Giles Deacon's First Emanuel Ungaro Collection — for Spring 2011— Involved Anna Dello Russo Modeling a Sheep Purse

>> Giles Deacon is the sixth designer to try his hand at Emanuel Ungaro since the founder retired in 2004, and, as Suzy Menkes noted, he "was brought in to stabilize the brand, rather than rev it up with a grand show in his first season."
Spring 2011 Paris Fashion Week: Emanuel Ungaro

>> Giles Deacon is the sixth designer to try his hand at Emanuel Ungaro since the founder retired in 2004, and, as Suzy Menkes noted, he "was brought in to stabilize the brand, rather than rev it up with a grand show in his first season."

Hence, a presentation on an indoor patch of grass, the clothes modeled by “women with character and personality” in a range of ages, including Anna Dello Russo — who held a sheep handbag she named "Funbongo," French actress Joana Preiss, Querelle Jansen — who was coaxed out of modeling retirement — plus several models from the '90s: 37-year-old Claudia Mason, 35-year-old French model Caroline de Maigret, 33-year-old Brazilian model Shirley Mallmann, and 35-year-old South African model Georgina Grenville.

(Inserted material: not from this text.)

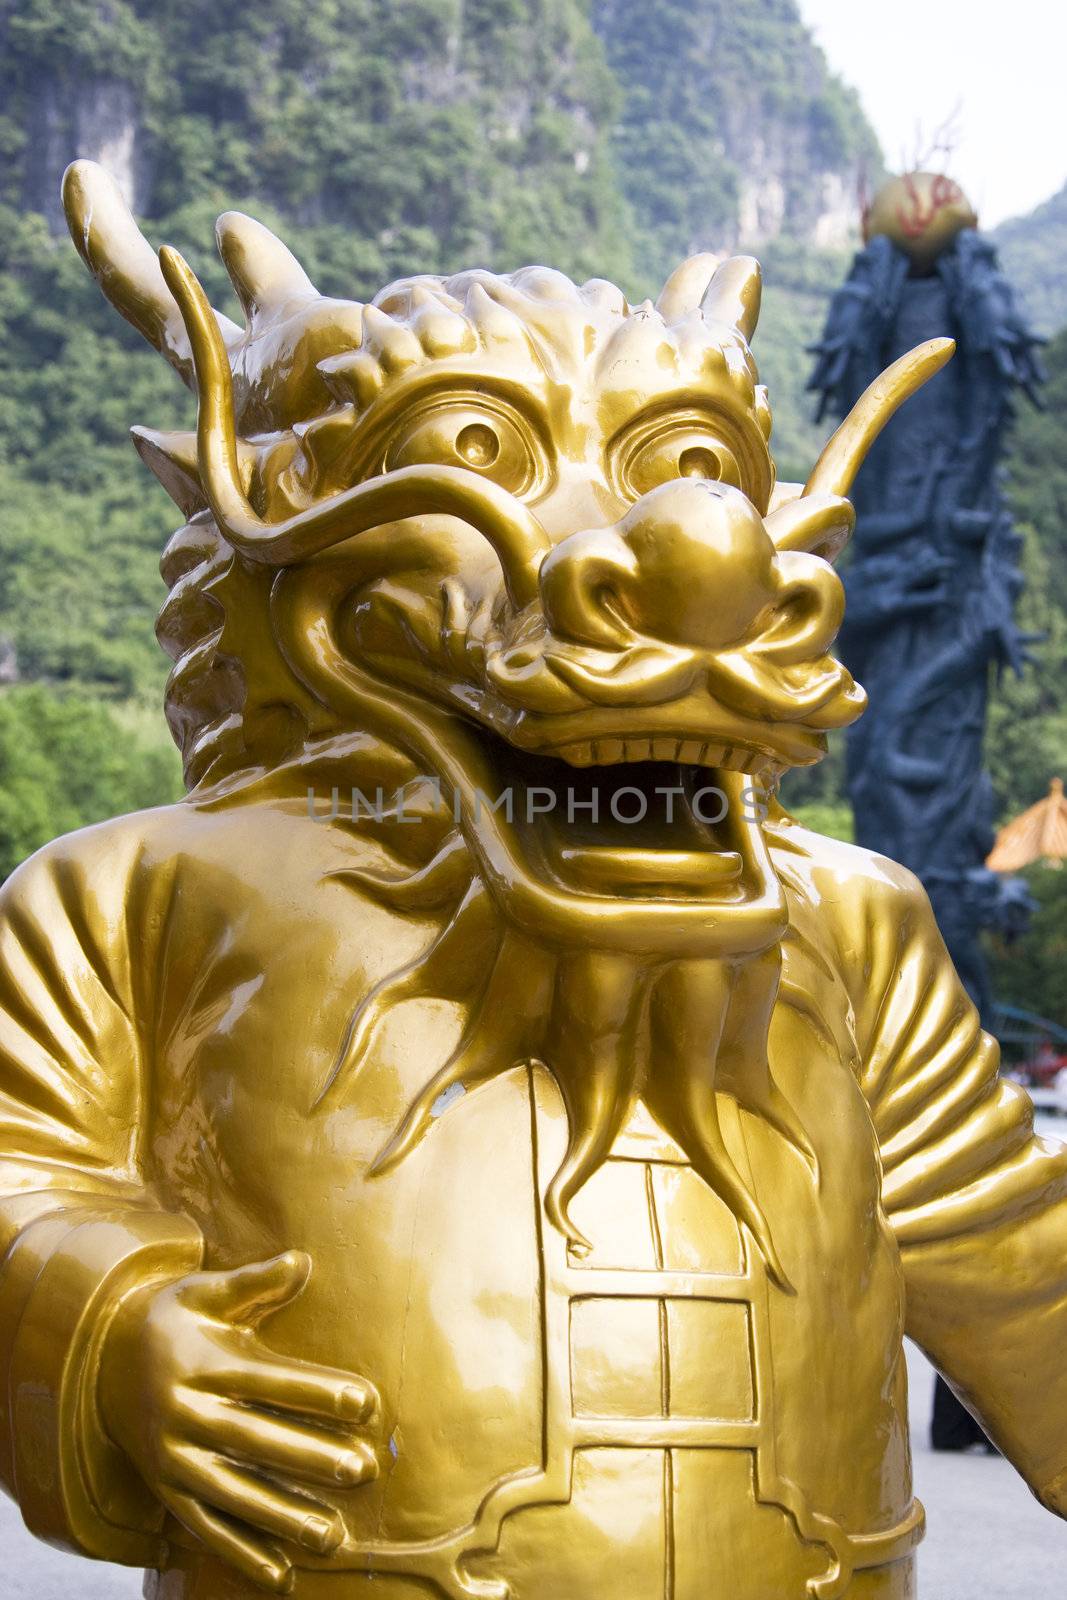 Image of a dragon guardian at the Assembly Dragon Cave entrance, Yangshuo, Guilin, China.
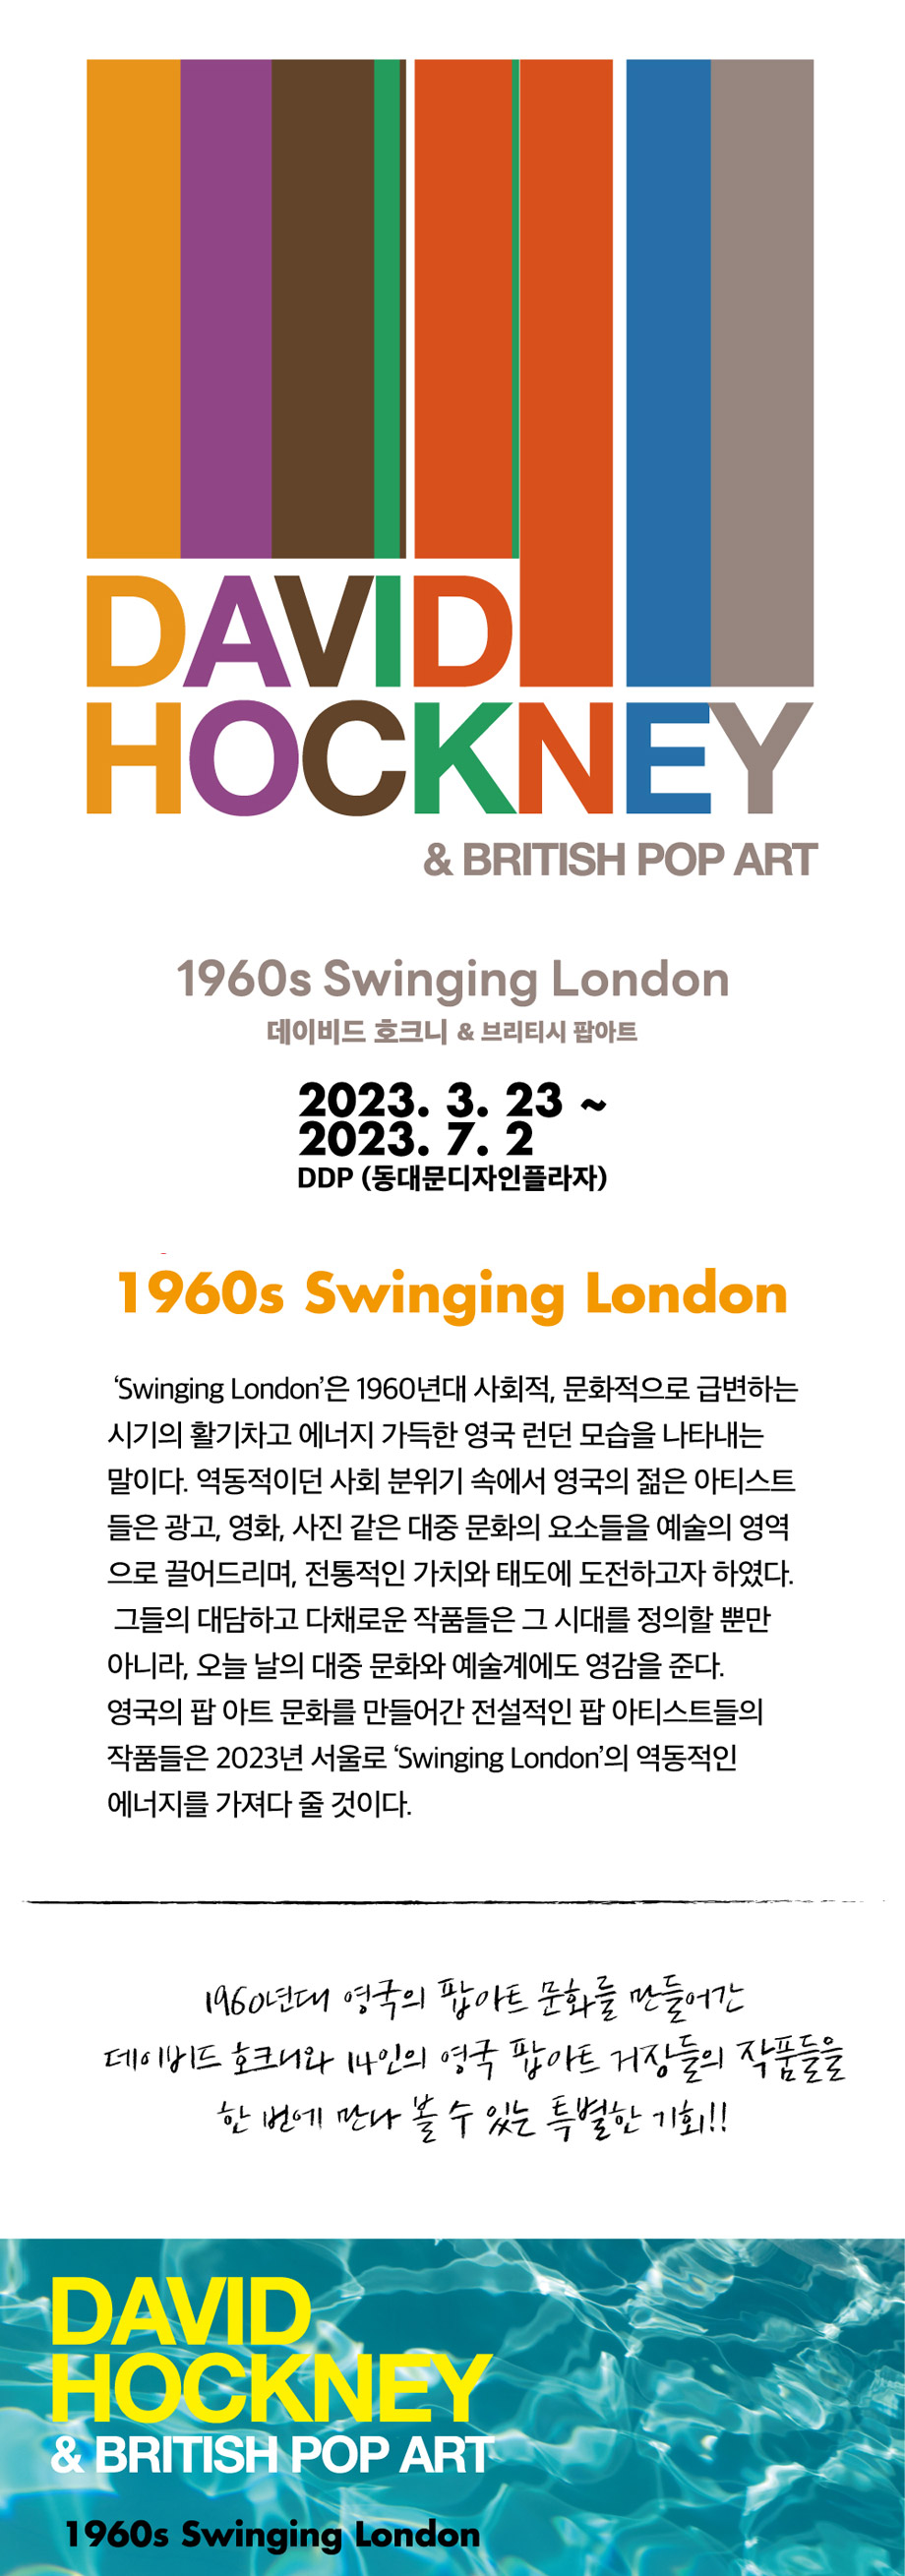 DAVID HOCKNEY & BRITISH POP ART(1960s Swinging London 데이비드 호크니 & 브리티시 팝아트) 2023년 3월 23일부터 2023년 7월 2일까지 DDP 동대문디자인플라자

"I went through all the archives, from the '60s all the way through, in order to understand the feeling, the subtlety, the softness of the Ungaro heritage," Deacon explained of his collection. "I wanted the collection to be super-sophisticated, gorgeous, vivacious, sensual — really, just beautiful clothes." WWD noted that the pieces, many crafted by couture methods, "will be expensive to produce and buy," but signified what "looked like a real investment in the label."

Critics in general seemed encouraged by the collection, but not entirely sold. Style.com's Tim Blanks wrote: "You could picture the professional party girls in [the dresses] already, and on that level, the collection was a TKO. But where other women fit into the new Ungaro equation will be the challenge Deacon has to deal with in the months to come." And Cathy Horyn added: "If you consider how much time Phoebe Philo had to rethink Celine before she showed anything, Mr. Deacon needed more time to develop his ideas. Maybe Ungaro can’t wait, though . . . On the whole, the clothes looked French, the Ungaro ruching and draping was kept to a cautious minimum, and the skirts needed more design attention. The collection was certainly pitched to a young woman. Mr. Deacon’s next step is to remove himself a little more from the archive and develop his own fabrics and ideas."